## [WHAT THE TASK ASKS]
Before returning the data, strip out the pictures and keep everything else exactly the same.

## [MATERIAL PROVIDED]
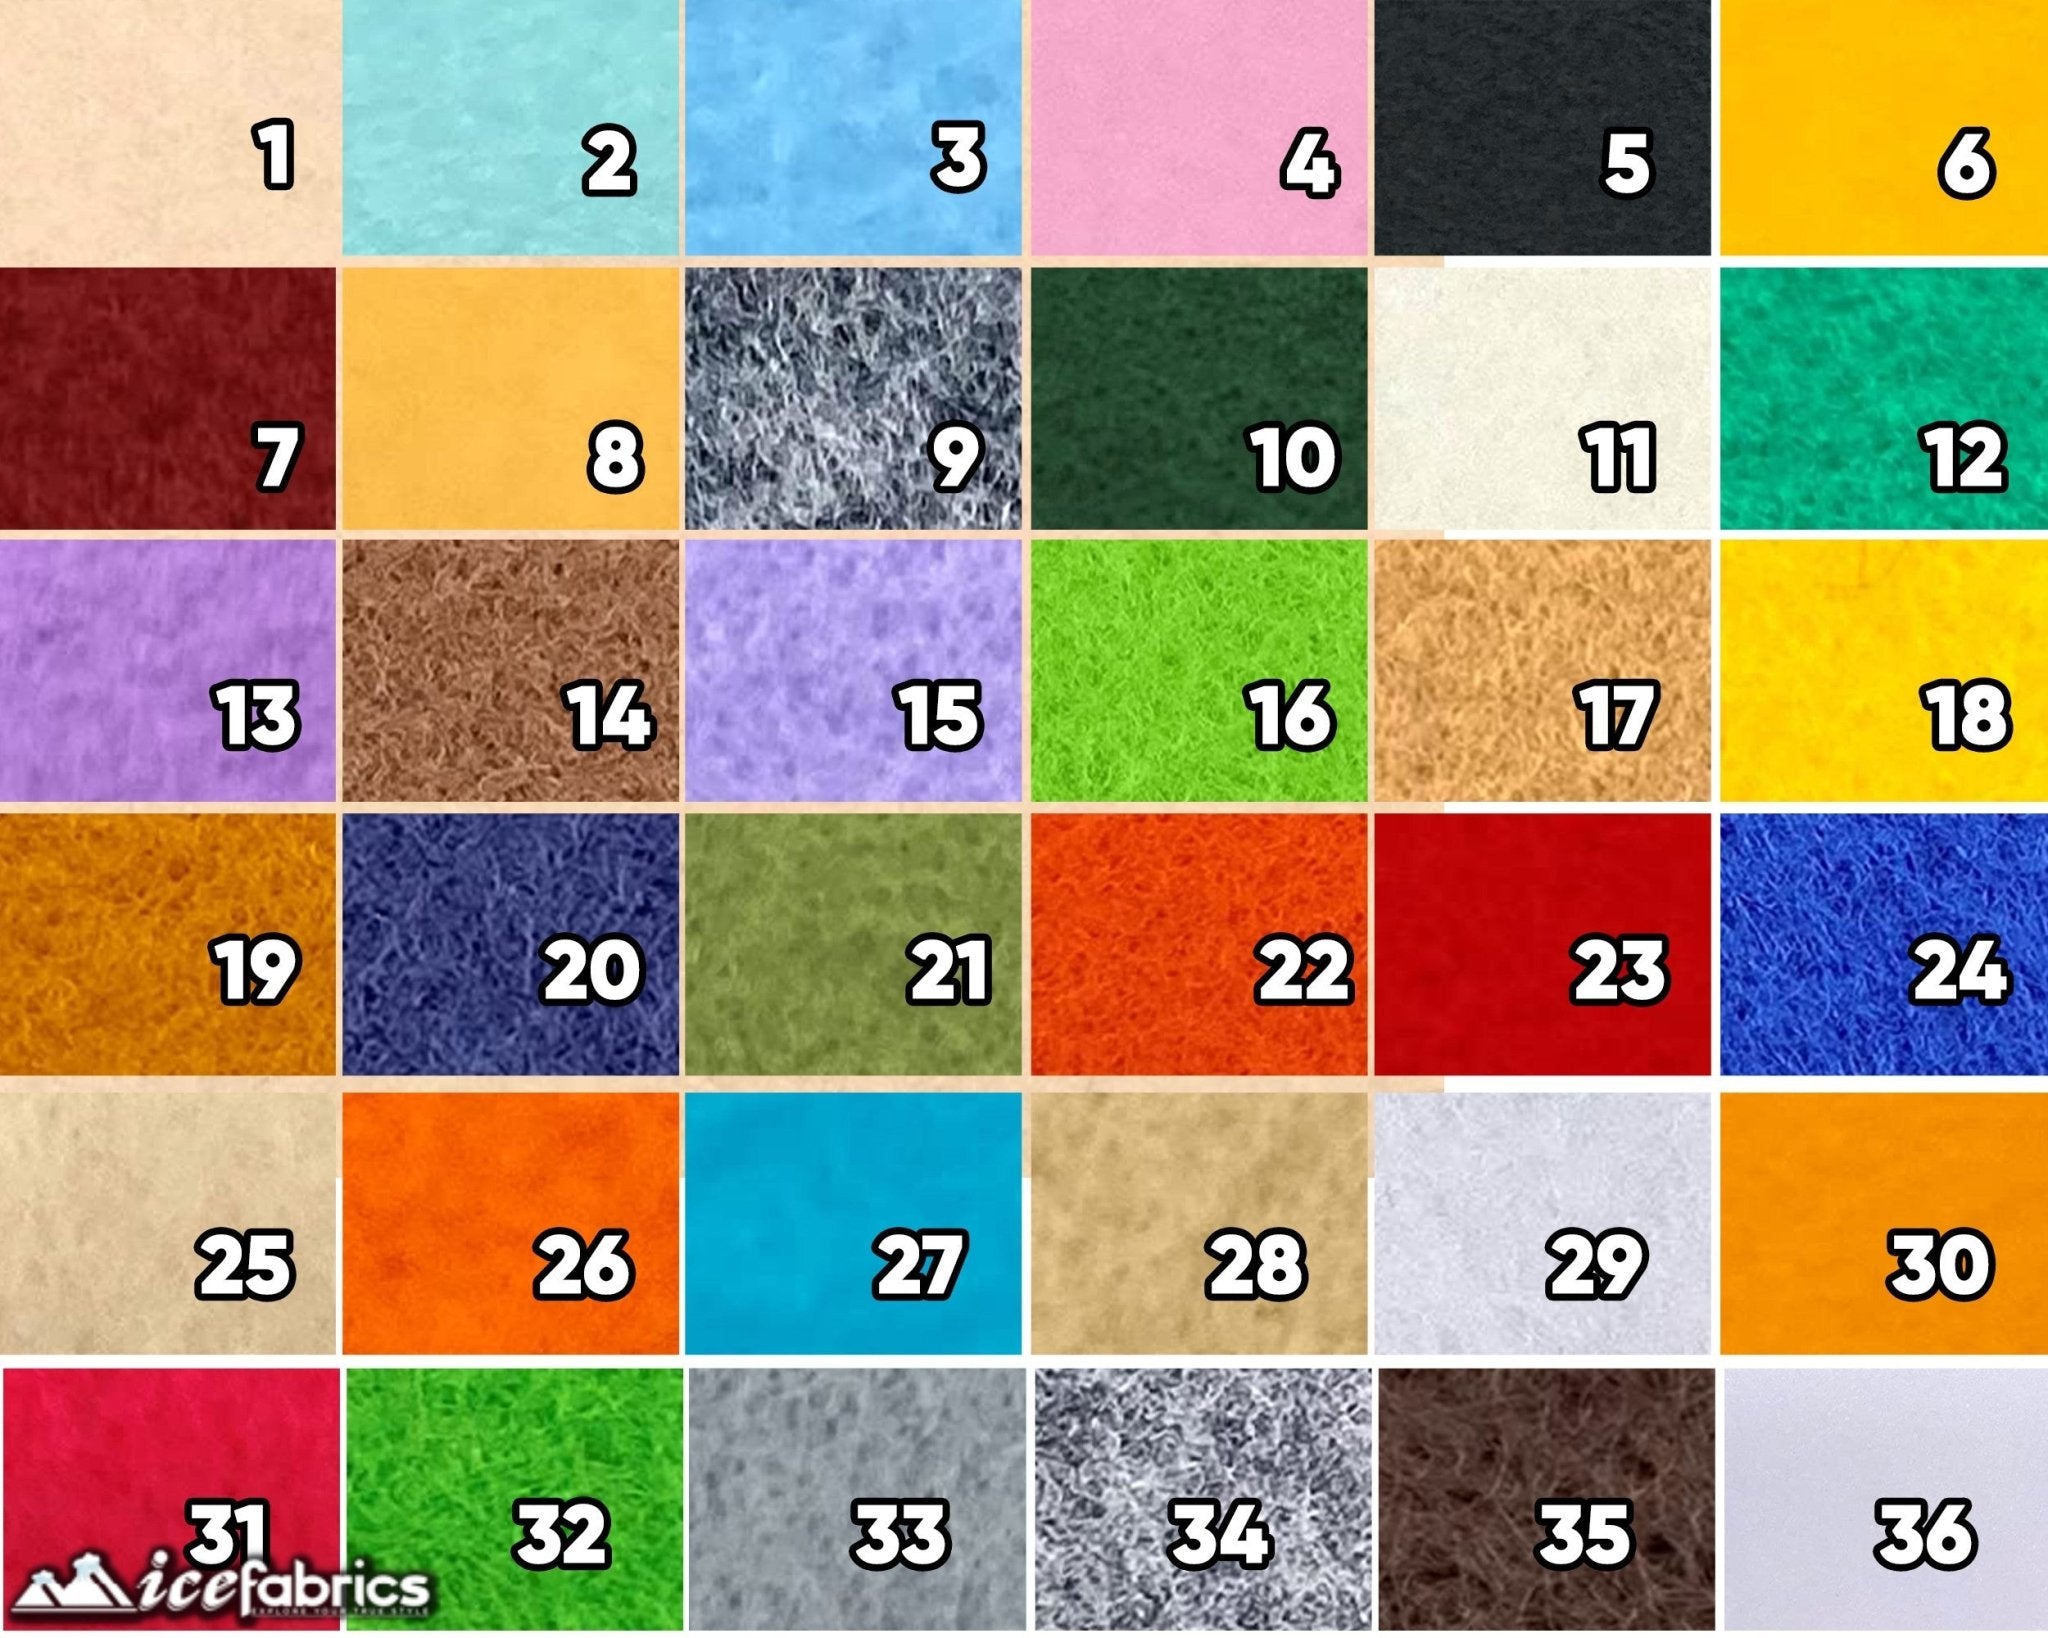 Charcoal Acrylic Felt Fabric / 1.6mm Thick _ 72” WideICE FABRICSICE FABRICSBy The YardCharcoal Acrylic Felt Fabric / 1.6mm Thick _ 72” Wide ICE FABRICS
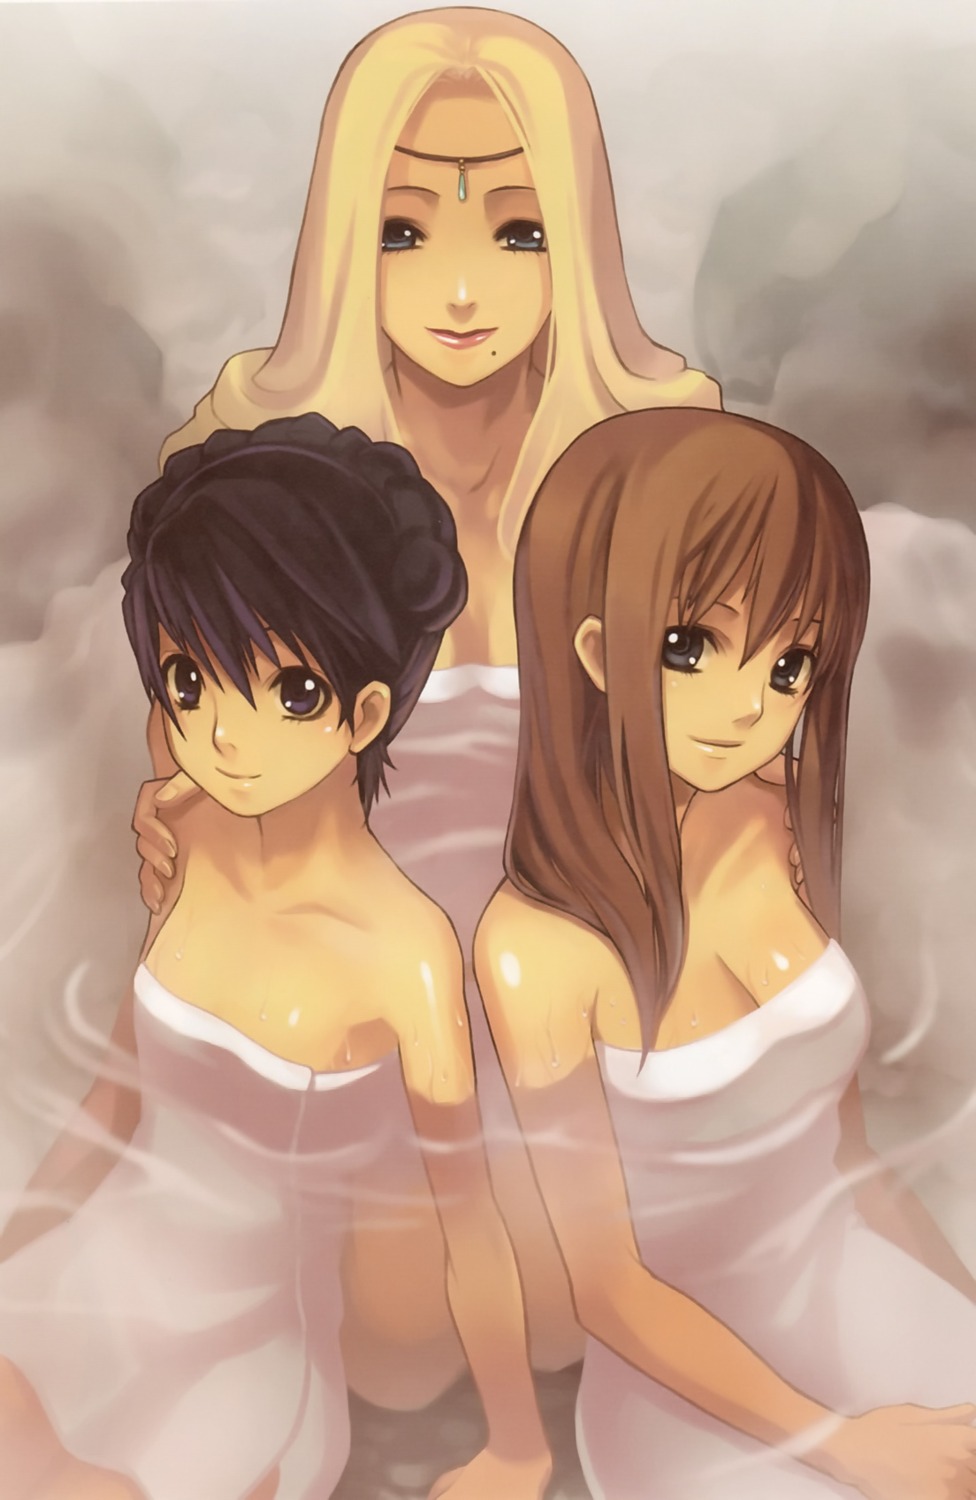 ar_tonelico aurica_nestmile claire_branch misha_arsellec_lune nagi_ryou onsen towel
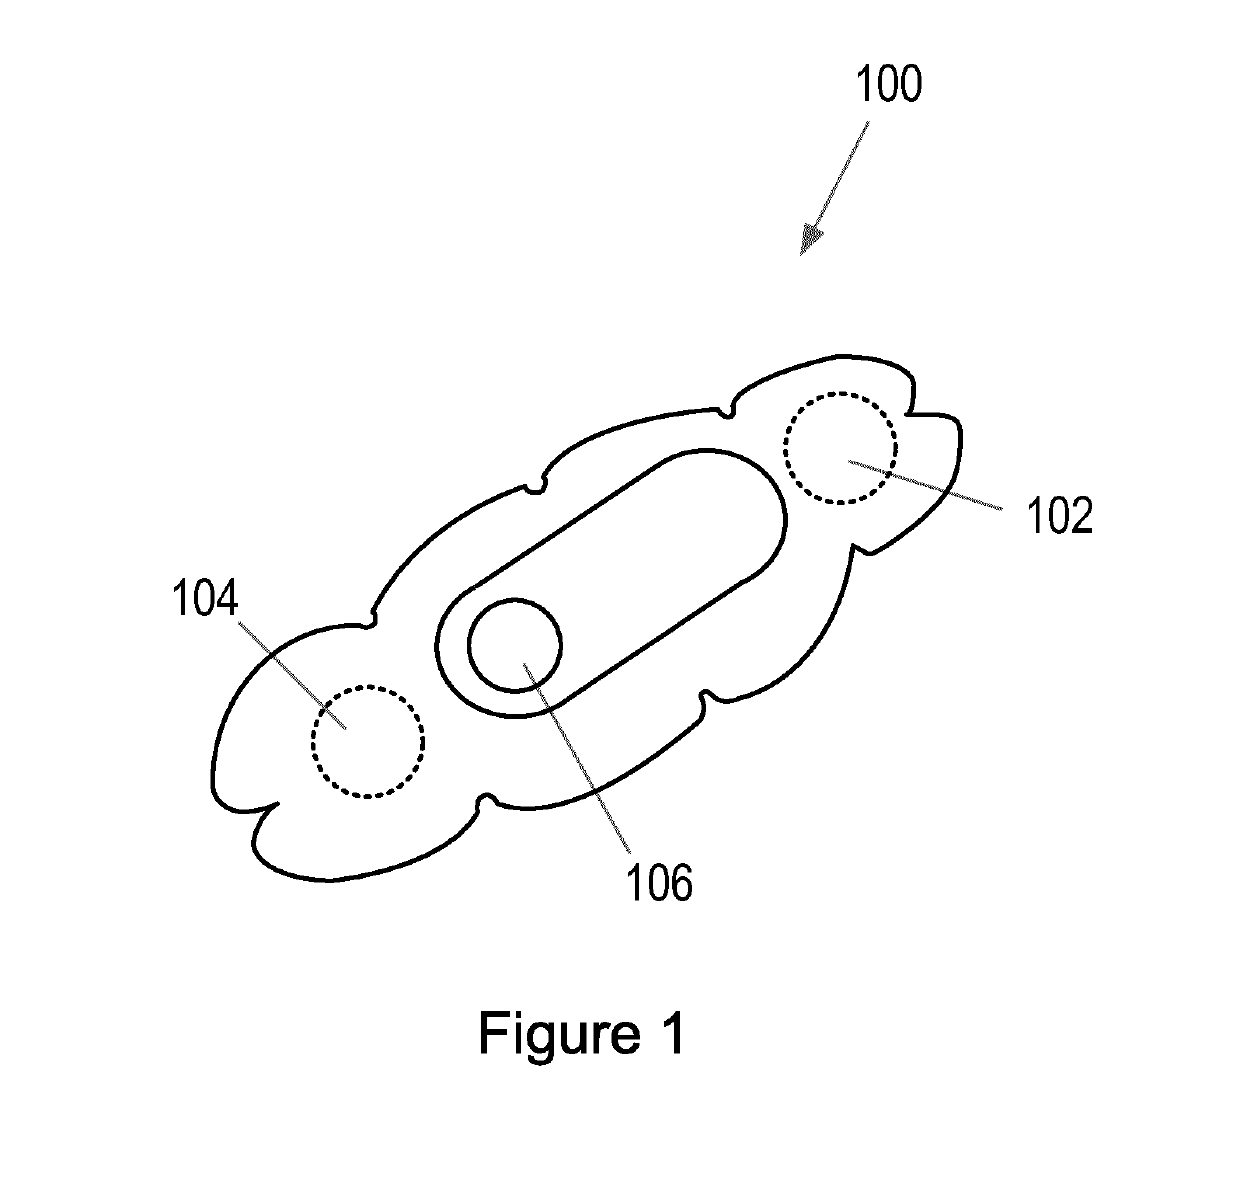 A method and apparatus for determining at least one of a position and an orientation of a wearable device on a subject

## [SOLUTION FOR THIS EXERCISE]
 Charcoal Acrylic Felt Fabric / 1.6mm Thick _ 72” WideICE FABRICSICE FABRICSBy The YardCharcoal Acrylic Felt Fabric / 1.6mm Thick _ 72” Wide ICE FABRICS
 ar_tonelico aurica_nestmile claire_branch misha_arsellec_lune nagi_ryou onsen towel
 A method and apparatus for determining at least one of a position and an orientation of a wearable device on a subject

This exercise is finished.